3.3.6. Obtaining a Scalar Uncertainty Quantifier

In certain situations, it is very helpful to have a detailed uncertainty estimate which matches some other component’s shape whose uncertainty it describes. We have already seen this in Equation (7) where we use the variance feature tensor to modify the mean feature tensor and will explore a similar strategy in Section 4.3. However, in other situations, it would be more helpful to have a simple and straightforward scalar uncertainty quantifier. This can be the case if the task is to define a cutoff for unacceptably high uncertainty or if the uncertainty values should be provided for human interpretation. Thus we need to choose a function to convert our uncertainty estimates

Σ^{(D)}, Σ^{(M)}, Σ^{(V)} \in R^{d}

to a scalar uncertainty score

s \in R

.

Given that the data uncertainty estimate is employed as the diagonal of a covariance matrix in our approach and that the other two uncertainty vectors are also calculated as variances, it appears reasonable to consider the distributions to which these variances pertain and to utilize tools of probability theory in order to quantify the uncertainty inherent in these distributions. In particular, entropy is commonly used for this purpose. This is because the entropy H of some random variable A is defined as the expected surprisal. Naturally, we consider the entropy of the probabilistic embedding

N (μ, diag (Σ^{(D)}))

for data uncertainty. Analogously, we consider the entropy of

N (\hat{μ}, diag (Σ^{(M)}))

and

N (Σ^{(D)}, diag (Σ^{(V)}))

for model and distributional uncertainty. The entropy of a multivariate normal distribution is given in Equation (16).

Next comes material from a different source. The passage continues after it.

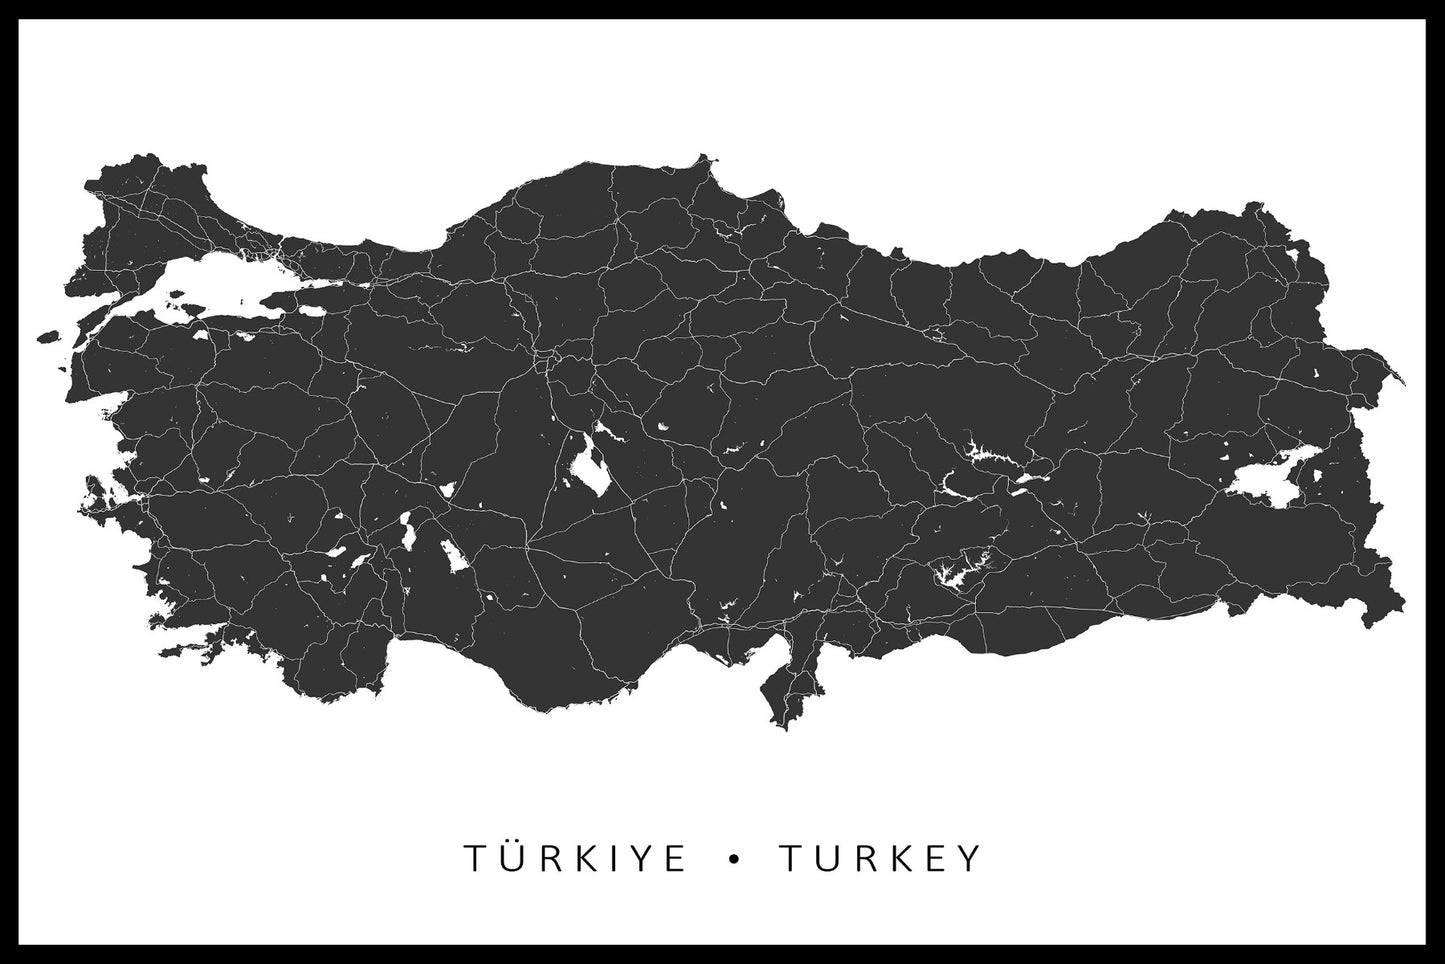  Items op de kaart van Turkije

\begin{matrix} H (A) & = \frac{d}{2} ln (2 π e) + \frac{1}{2} ln det Σ, & A & \sim N (μ, Σ) \end{matrix}

(16)

Because this formula only depends on

Σ

, and because we are working with diagonal covariance matrices whose diagonals are the uncertainty vectors, this simplifies to Equation (17) which describes the function

H : R^{d} \to R

that maps the uncertainty vector to the entropy of the respective distribution.

\begin{matrix} H (Σ^{(ω)}) & = \frac{d}{2} ln (2 π e) + \frac{1}{2} \sum_{i = 1}^{d} ln (Σ_{i}^{(ω)}), & ω & \in {M, D, V} \end{matrix}

(17)

We will use this measure in our experiments where a scalar uncertainty value is needed, i.e., for correlation analyses (Section 4.2 and Section 4.3.2) and for the utilization of uncertainty to predict the extent to which an input is out-of-distribution (Section 4.4).

3.3.7. Loss

As detailed in Equation (18), the loss function consists of the classification and data uncertainty loss

L_{C & D U}

, Triplet Hard Loss

L_{T r i H}

[67], and a weight decay term

λ \cdot L_{2}^{reg}

.

\begin{matrix} L & = L_{C & D U} + L_{T r i H} + λ \cdot L_{2}^{reg} \end{matrix}

(18)

\begin{matrix} L_{C & D U} & = \frac{1}{σ} \cdot L_{C E} + ln σ, & with σ & = \frac{1}{d} {∥Σ^{(D)}∥}_{1} \end{matrix}

(19)

The classification and data uncertainty loss

L_{C & D U}

, as defined in Equation (19), is essentially a weighted cross entropy loss (

L_{C E}

). The size of the logit vector

y = g (μ)

,

y \in R^{T}

, which is needed to compute the cross entropy loss

L_{C E}

, depends on the number T of individuals in the training dataset.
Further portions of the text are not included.